After 15 years, she became the director of undergraduate research and in the past few years became the director of the honors program at the UK. Snow ushered the program into being an honors college.
Research
At Northeastern Ohio Medical University, Snow found her passion for discovery while working in a space the size of a closet – with only a little table and a microscope.
She was hired to look at slides and count the number of cells that were stained in a part of the brain.
“I love the discovery and the thought that I’m that first person seeing something happen,” Snow said. “This has happened many times in my career, looking through a microscope and it’s the first time anybody has seen these changes.”
“I’ve had a couple bits of serendipity throughout my career that have led me to success. I have been very grateful for those,” she said.
Snow is still working with undergraduate students in Lexington on a NASA-related research project. The team is working with a group called Space Tango that has equipment on the International Space Station.
Space Tango collaborates with researchers to facilitate projects in microgravity to discover solutions in space for applications on Earth. The research group is optimizing the pieces that will be tested on the station to look at the effects of low gravity and zero-gravity on a population of neural cells.
Esther Putman, an intern at Space Tango, credits Snow for getting her the position. On Putman’s move-in day at the UK, Snow noticed her carrying a brain anatomy poster into her room. Snow gave Putman her contact information and later they met for coffee; this sparked not only a discussion on neuroscience but also a mentorship.
“I am where I am today because of the people like Dr. Snow who have invested in me. I know I would not have experienced the opportunities and positive atmosphere I had during my first year here if I had not met her and benefited from her mentorship,” said Putman.
Next June, Snow will be teaching a three-week summer study abroad session in London open to students from both TCU and University of Kentucky. The mission: “Where are all the women?” looking at the attrition of women in the sciences. Students will compare and contrast what they know about the U.S. and what they will discover in the U.K.

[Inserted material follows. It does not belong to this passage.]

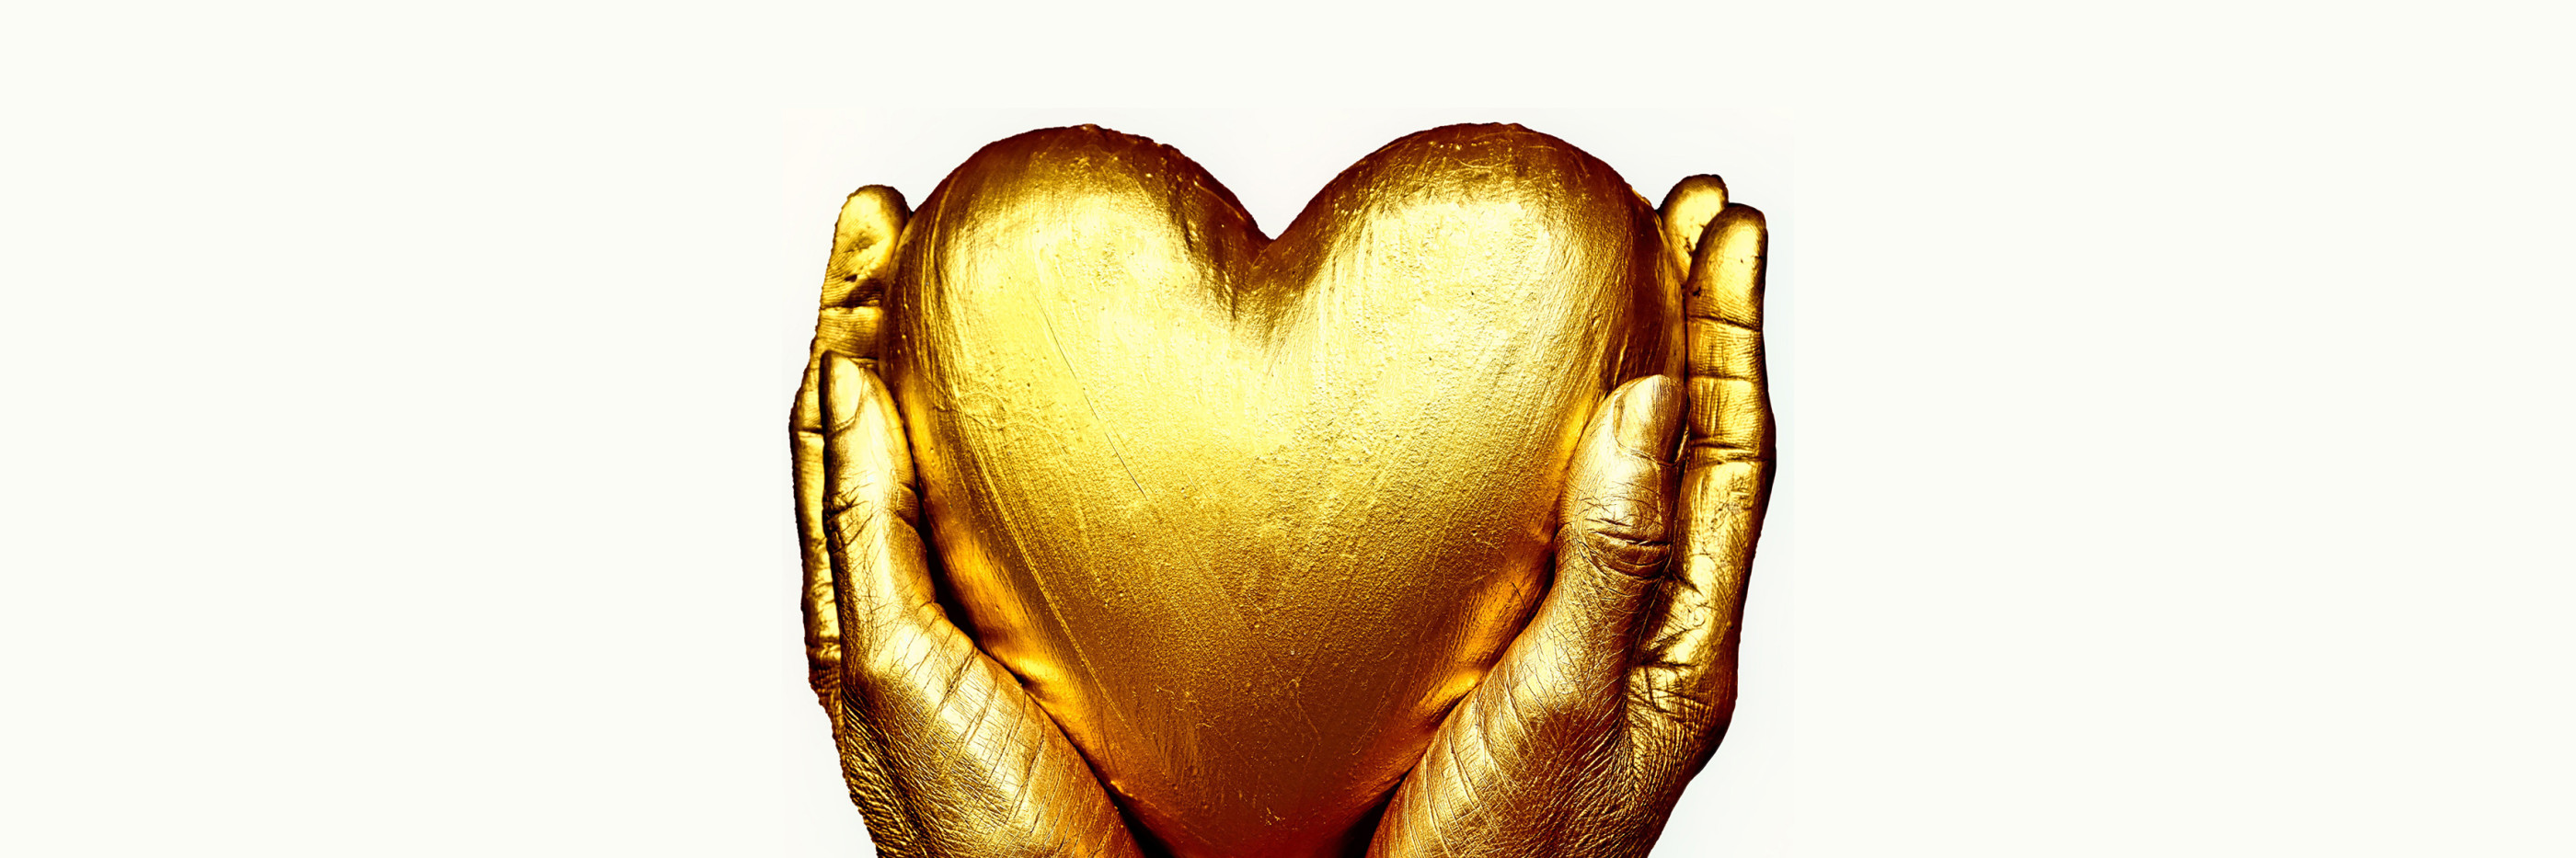 two golden hands holding a golden heart

“We have some ideas about the conditions that make women unable to reach higher positions in science in the US, and plan to look at systems in the UK to compare and contrast, and hopefully find solutions,” Snow said.
Snow taught this course last year and considers it an enriching experience.
Putman said she admires how Snow is encouraging young women to never feel restricted in their academic pursuits, despite living in a society that discourages their success.
“She encourages young women in such a professional and admirable manner, fueled by logic and fact,” said Putman.
“Mom first.”
Snow said the most significant thing she has done is experiencing the process of bringing a human into the world. Snow met her husband at Case Western Reserve in 1987 and both were highly focused on careers in science and medicine.
“Then something happened and all the sudden children became part of being in love,” Snow said. “My two sons are my most successful neuroscience experiment to date. ”
After her first son, Connor, was born, Snow returned to work and looked around the lab. “It just paled in comparison to my love and appreciation for this human being,” she said. “It wasn’t that my science wasn’t important anymore it just really added perspective to my life.”
“We are a mobile family now,” said Snow. Connor, 21, is a recent graduate of the University of Kentucky with degrees in Music (percussion) and German. Aidan, 17, is a freshman at UK studying computer science. Her husband is a urologist doing locum tenens (a person who works temporarily in the place of another) across the nation.
“Our boys never know where we are on any given day. We use social media in a big way to keep connected,” Snow said.
Someday, Snow and her family hope to end up back at their home in rural Lexington.